Ajwaini Paneer Kofta
Prep Time: 15 mins
Cook Time: 50 mins
Servings: 2
- 100 gms cottage cheese
- 40 gms singhare ka atta (water chestnut flour)
- to taste sendha namak
- 200 gms fresh tomato puree
- 5 gms ajwain (caraway seed)
- 20 gms deggi mirch
- 10 gms coriander, chopped
- 100 ml oil
- Prepare kofta:
- Mash the cottage cheese and add singare ka atta and senda namak.
- Make roundels and fry in oil.
- Prepare gravy:
- Remove the eye ,then boil the tomatoes ,make puree and stain.
- In a pan heat oil and add ajwain and sauté for a minute. Then add the stained tomato puree and cook for 5 minutes.
- Add the deggi mirch and sendha namak .
- Then add fried kofta in the gravy and serve hot garnished with coriander.
Butter Chicken
Prep Time: 10 mins
Cook Time: 45 mins
Servings: 4
- In a mixing bowl, put raw chicken pieces and add salt, red chilli powder, ginger garlic paste and lemon juice. Mix well.
- Refrigerate for about 15-20 minutes.
- Now add curd to the refrigerated mix. Followed by salt, ginger garlic paste, red chilli powder, garam masala, kasuri methi and mustard oil. Mix well and refrigerate again for an hour.

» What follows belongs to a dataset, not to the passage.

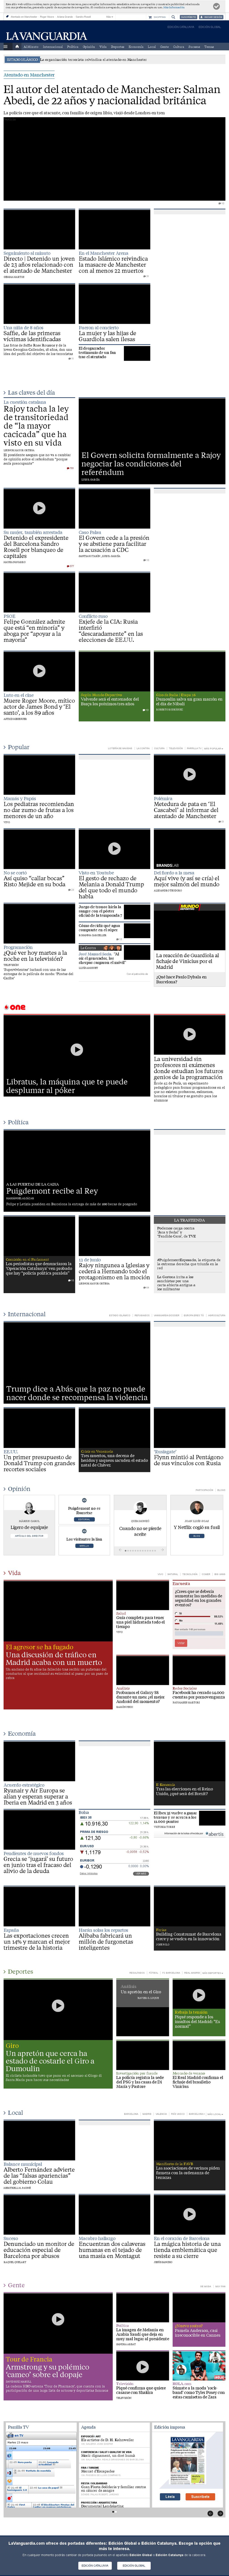 La Vanguardia at Tuesday May 23, 2017, 7:41 p.m. UTC

- Roast the marinated chicken in an oven for about 30 minutes until it is three-fourth done.
Prepare the chicken gravy:
- Heat 2 tsp of oil in a pan with butter.
- Add cloves, cinnamon stick, mace and cardamom. Saute and then add chopped tomatoes, garlic and ginger. Mix well and then grind well.
- In another pan, heat another two cubes of butter, along with ginger garlic paste.
- Add the tomato puree made from the mixture. Now add red chilli powder, kasuri methi, honey and finally the roasted chicken pieces. Let it simmer.
- Add green chilli, cardamom powder and cream. Mix well.
- Serve with a teaspoon of cream over.